Trade over human rights?

It was in this background, Miller pointed out, that it was important to see whether “trade concerns were trumping human rights”. The judge at one point asked if Miller was “expecting smoking guns.” Outlining his concern behind the move to get the British government to release more documents, Miller said it was crucial to understand the “context in which this decision (to provide assistance to India) was made.” To a pointed question by a judge on whether there is direct evidence of British involvement in the operations in Punjab, Miller replied in the negative.

He, however, stressed that there is a need to find out what form the British “assistance” to India took in 1984. “Assistance can mean different things. It could be training in the UK of Indian officers, selling equipment to be able to use them for internal usage,” Miller told the court. There were also references to possible arms deal between the two countries during the hearing. Miller later told The Wire that “the government’s review tried to downplay the motivations of arms sales and helicopter sales that were very important in UK-India relations then.”

Indo-UK ties at risk?

According to the cabinet office, one of the main reasons for withholding the files is to prevent any straining of ties with India. Dabinderjit Singh of the Sikh Federation gave evidence to counter these claims. “In January 2014, when Miller got those papers, the Congress party was in power. In the run-up to the elections, the BJP talked extensively about what happened in 1984. The BJP had taken a different approach.”

He also referred to a statement by home minister Rajnath Singh that he is in favour of papers relating to 1984 operations being made public, as a testimony to India’s openness about the ghastly episode. “As a British national, I want to know what exactly my government did in my name on an issue that is so relevant to the community,” Singh told the court.

Not historical but ‘live interest’

From the FCO’s side, it was only the testimony of Jenkins which was open to the public. He emphasised that documents relating to Operation Blue Star were not historical but have “very live interest”. Referring to the attack on  General Brar in London, Jenkins asserted that “this is related to contemporary politics.”

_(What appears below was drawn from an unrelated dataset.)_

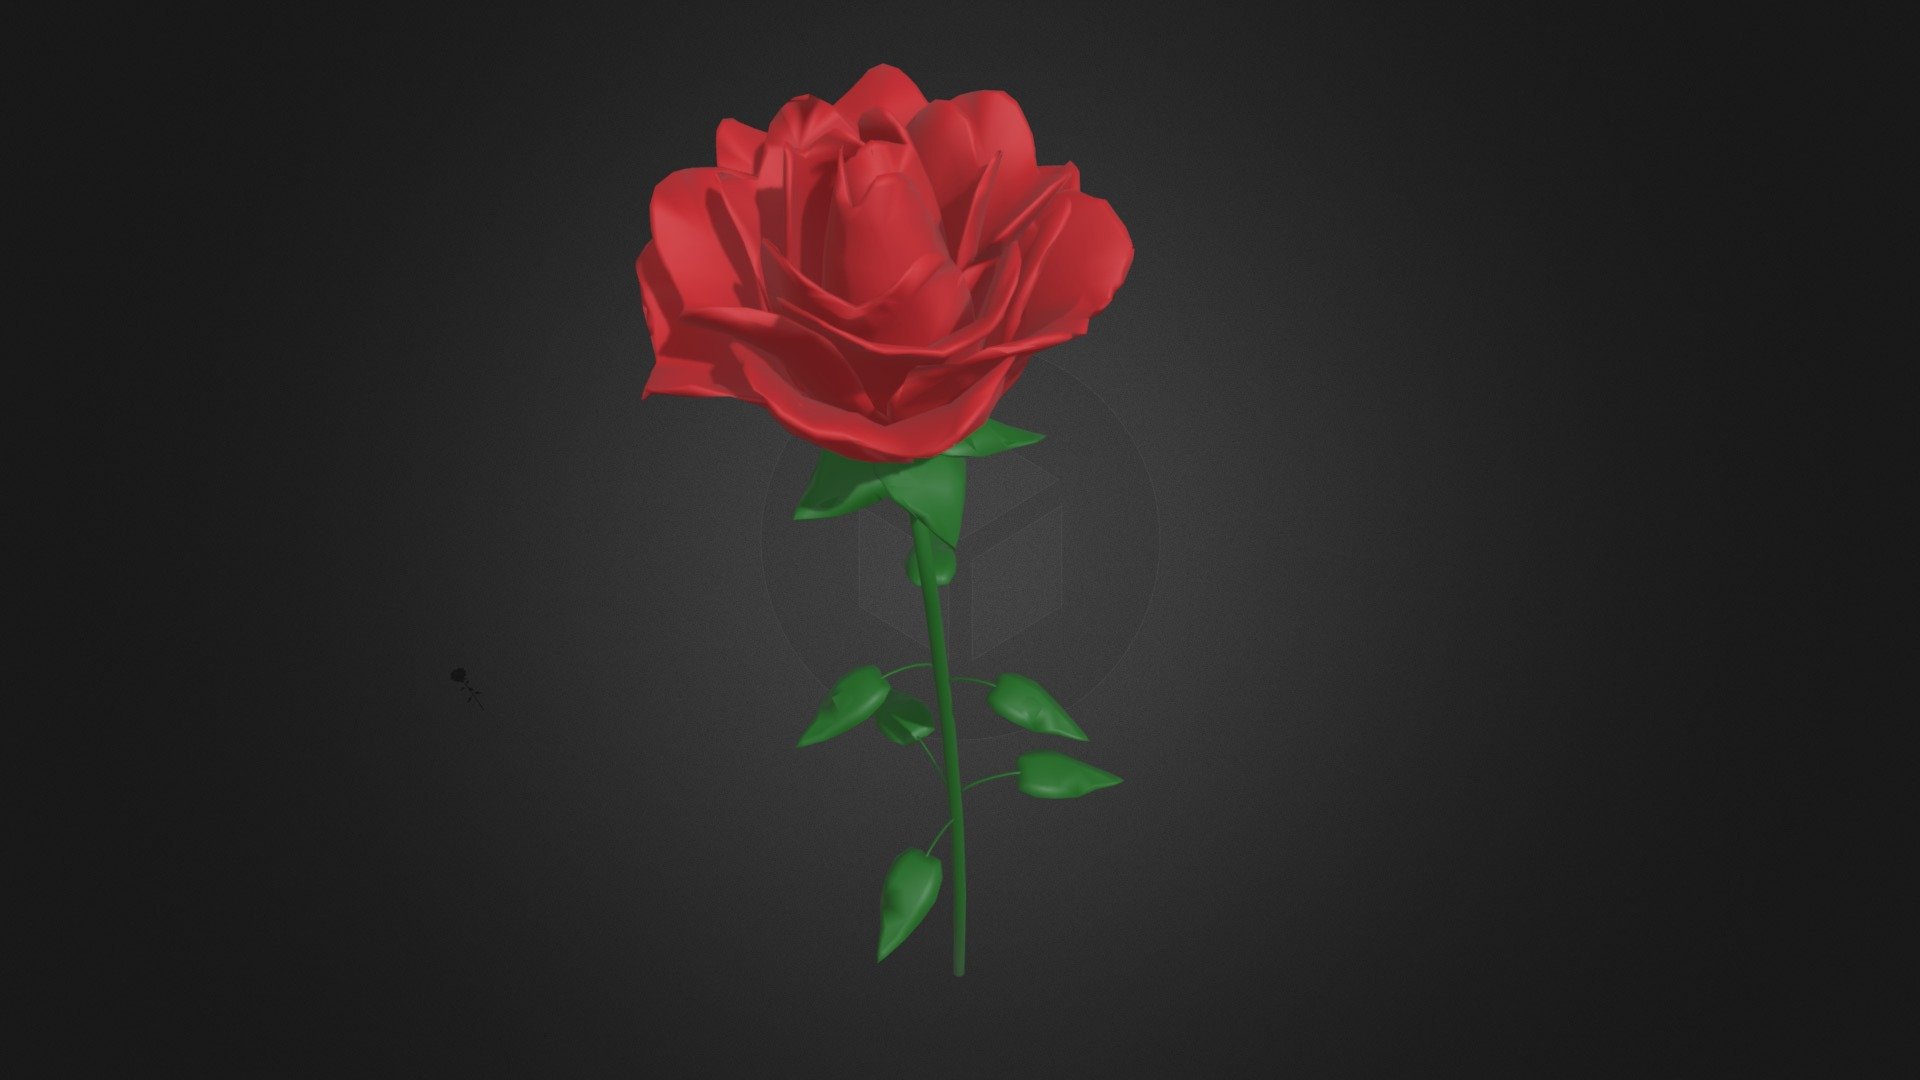 Rose 3d model - Rose - Buy Royalty Free 3D model by 3DDomino 3d model

Jenkins fielded questions on the cabinet office’s decision to not release documents requested by Miller when documents relating to sensitive conversation between Margaret Thatcher and L.K. Jha – Indira Gandhi’s emissary – could be made public. Only a “small sub-section of the file” has been kept away, insisted Jenkins.

Miller’s legal team argued that the change in regime in India should facilitate Britain’s decision to release the documents, which was countered by Jenkins who said that the change of government in India is not a “radical departure as has been suggested”, and a “good deal of institutional continuity” remains in force.